### [WHAT IS NEEDED]
Locate, in the data below, the line that contains "Kopersbegeleiding Award 2018 (4)" and the line that contains "CALL-OF-DUTY-WWII-1080P-Wallpaper-3.jpg"; reproduce exactly those two lines and every line between them, nothing more.

### [DATA EXTRACT]
::::::::

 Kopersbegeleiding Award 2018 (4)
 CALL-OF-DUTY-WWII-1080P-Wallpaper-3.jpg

::::::::

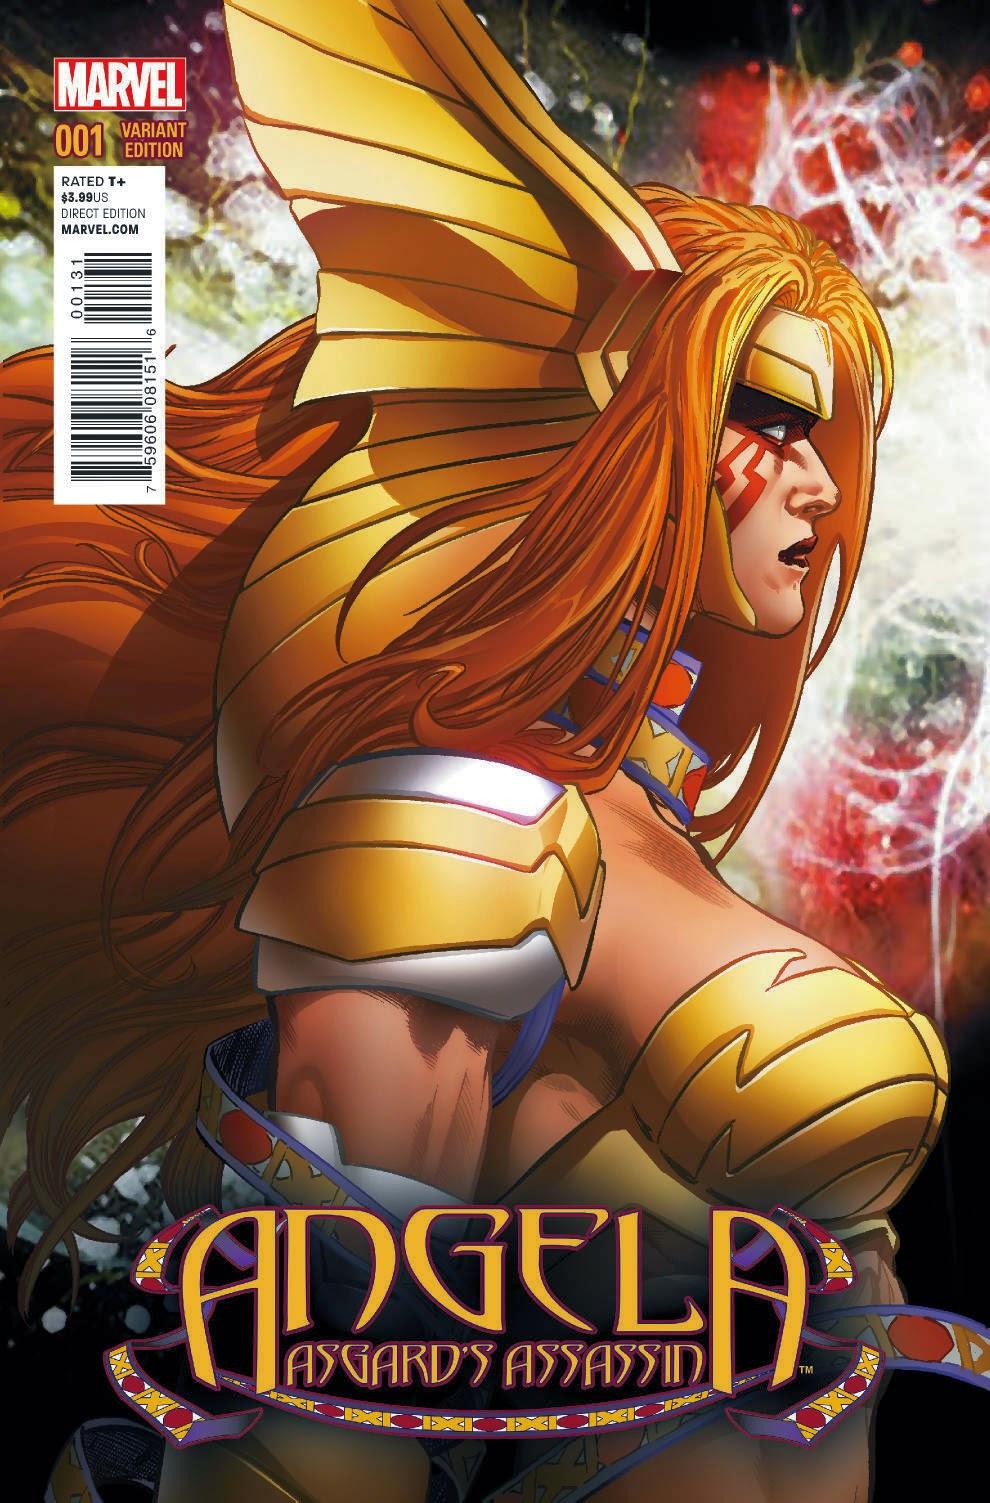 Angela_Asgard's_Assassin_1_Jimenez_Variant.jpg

::::::::

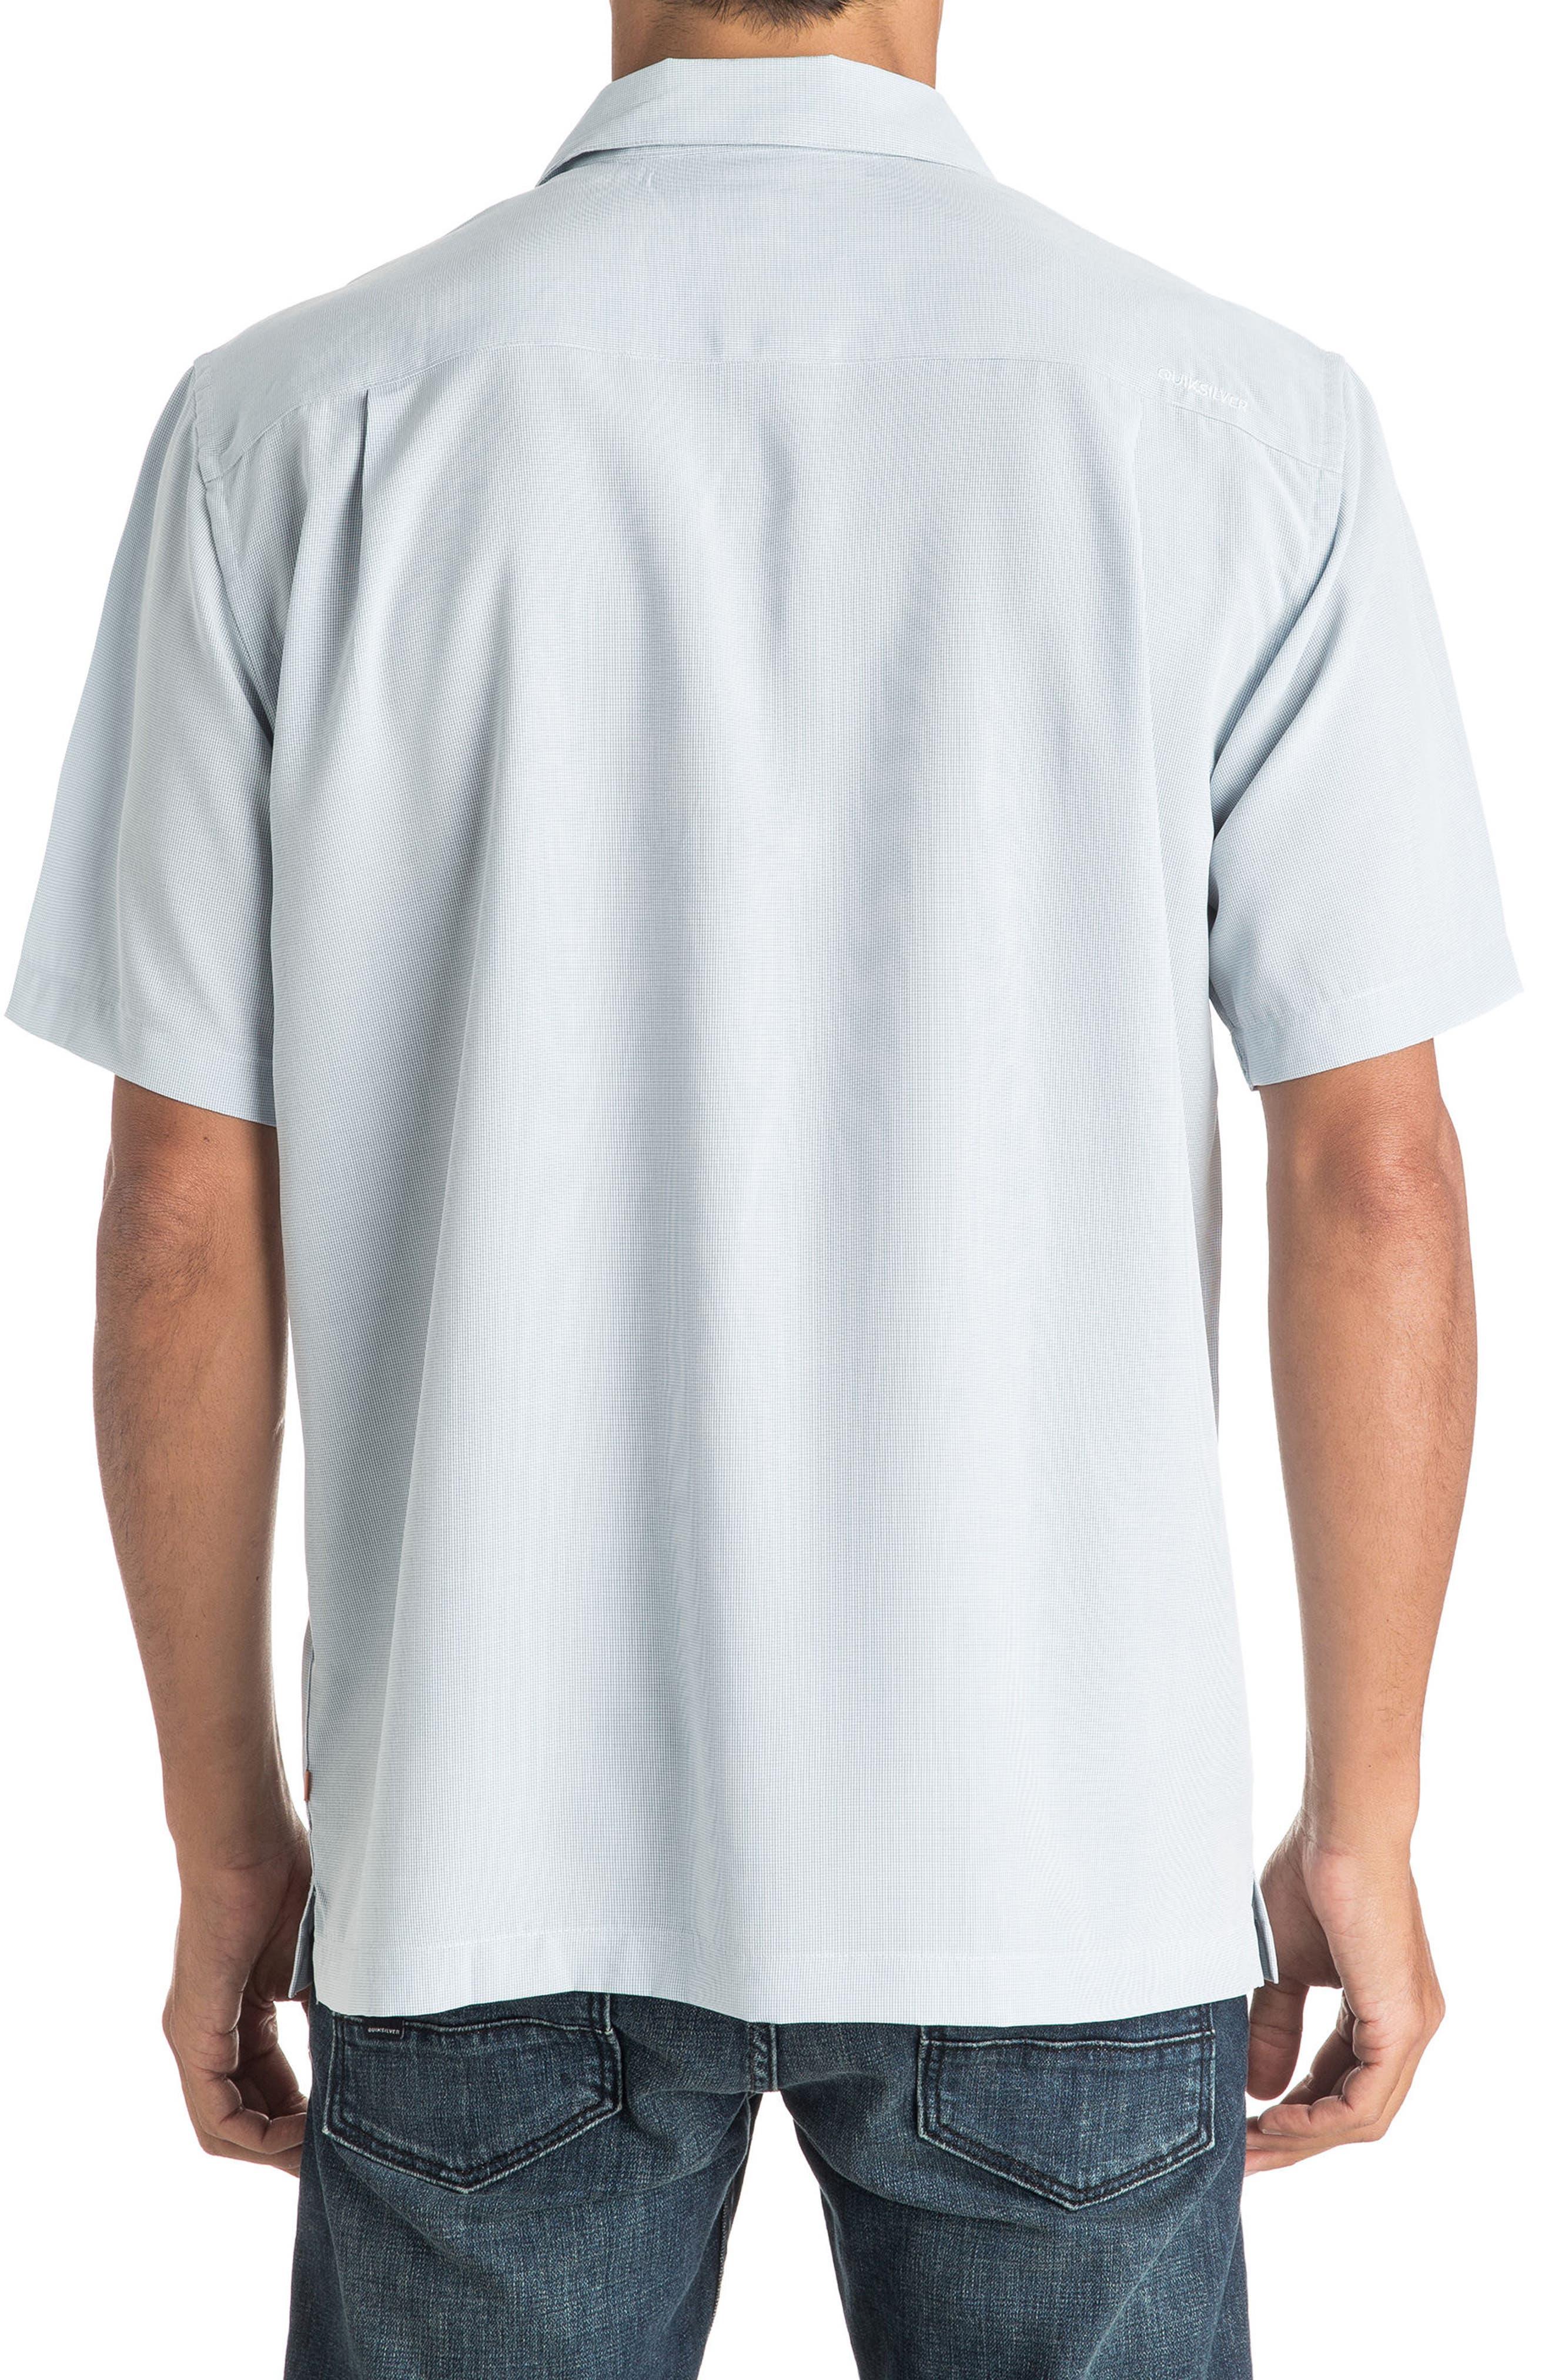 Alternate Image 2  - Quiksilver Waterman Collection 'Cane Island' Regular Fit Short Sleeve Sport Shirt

::::::::

### [RESPONSE AREA]
 Kopersbegeleiding Award 2018 (4)
 CALL-OF-DUTY-WWII-1080P-Wallpaper-3.jpg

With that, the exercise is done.